David
unread,Jun 30, 2011, 8:56:25 AM6/30/11Sign in to reply to author
Sign in to forward
You do not have permission to delete messages in this group
Either email addresses are anonymous for this group or you need the view member email addresses permission to view the original message
to Mikado Method
Sorry, I have only now started learning about the Mikado Method, which
I hope to be very useful to me. I see that a few of the immediate
comments I had have already been dealt with here, so will skip them,
but one bigger point:
A good deal of the content of the Preface is really a first chapter.
The Preface should be skippable and still one will understand what the
point of the book is by reading the first chapter. If you don't read
the current Preface, your experience of the first chapter will be
confusing, to say the least. I'd reorganize so that the Preface is
really a Preface - it won't explain the book in more than the most
general terms, but will guide the reader (as it does now) as to what
to read and how to read it. The first chapter will contain much of the
current explanation of what the book is about found in the Preface.

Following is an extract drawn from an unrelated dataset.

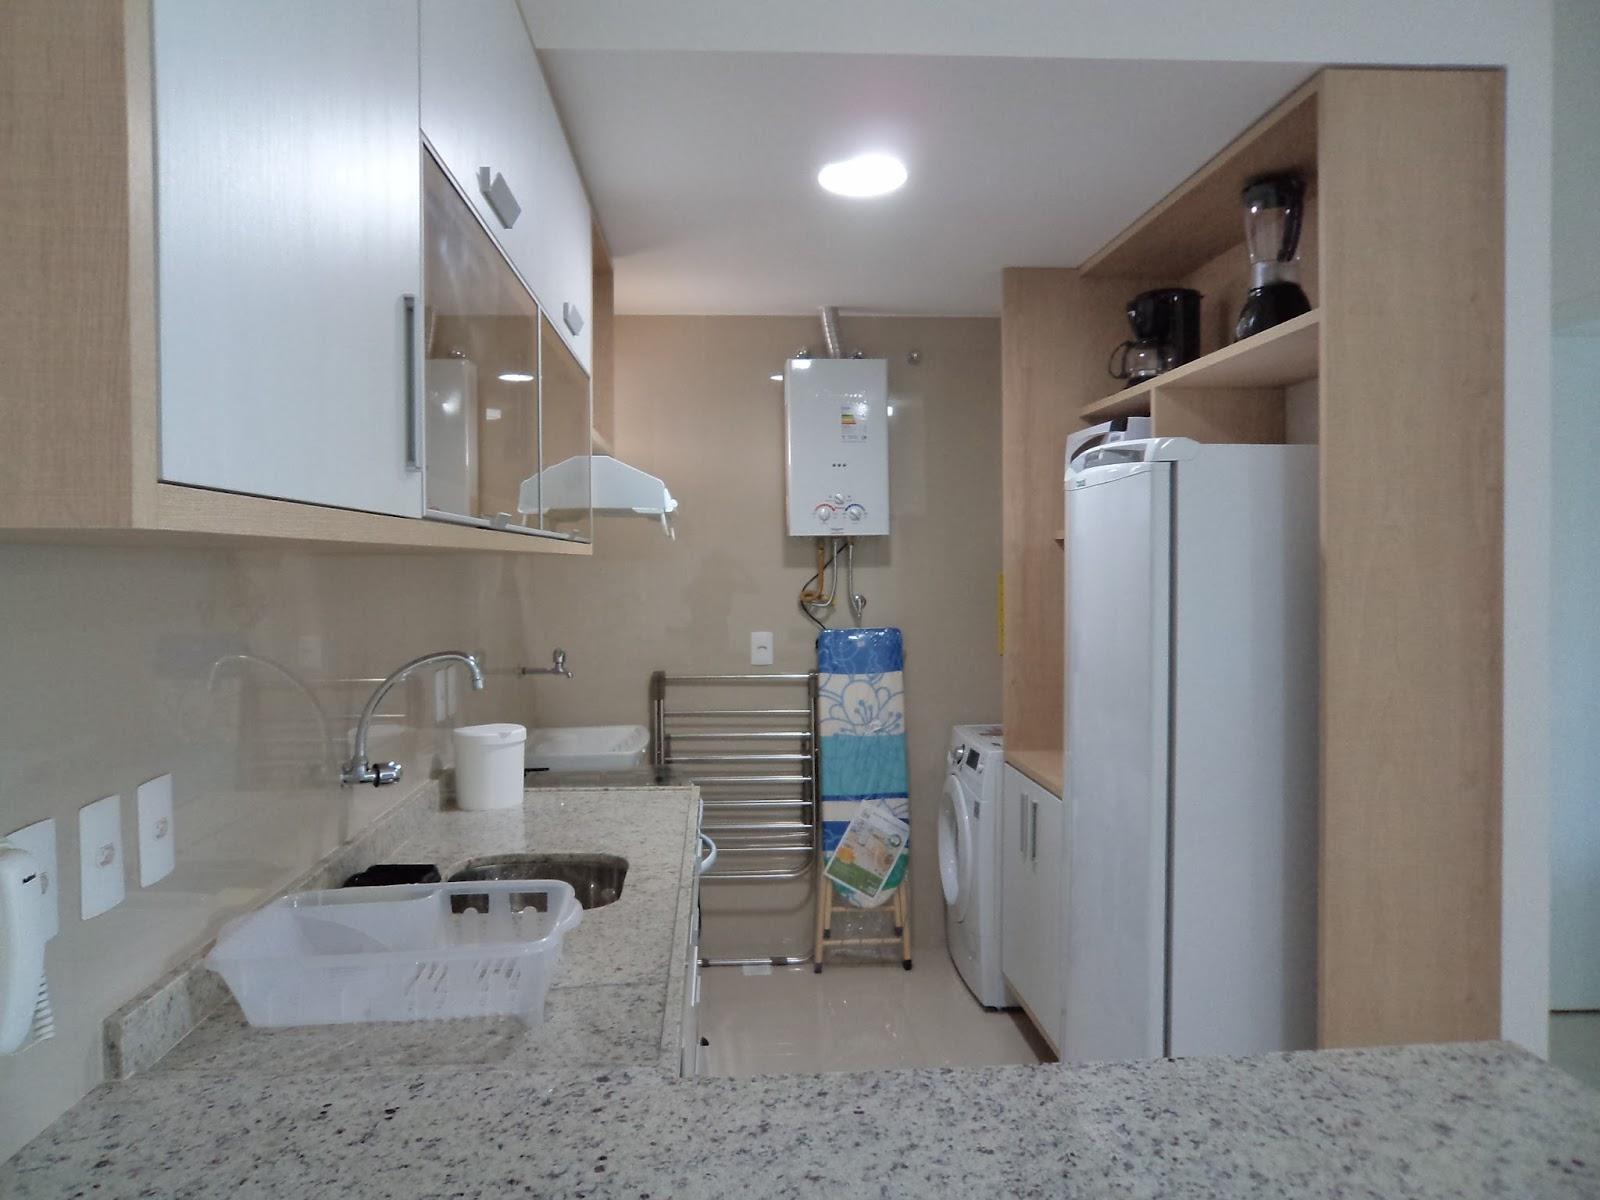 Aluguel por temporada em Fortaleza: APARTAMENTO NA PRAIA DO FUTURO  #476C84 1600x1200 Banheiro Container Fortaleza

Think of it as literary refactoring!
A more minor point: page iii, para 1: (consider the use of the serial
comma throughout the book; this frequently makes series much clearer
and more understandable - its avoidance is an old-style hangover of
the days of newspaper journalism, where space was at a premium) ...
future problems are encountered, solved<added>,</added> and sometimes
avoided entirely.
I'm reading changeset: 893:d6ebe0752d43.
As for my background, I am an 11-year Java developer with a lot of
agile, refactoring, and design pattern experience, and have served in
the past for about 5 years as an editor in a publishing house in the
US. (So I might know a thing or two about writing....)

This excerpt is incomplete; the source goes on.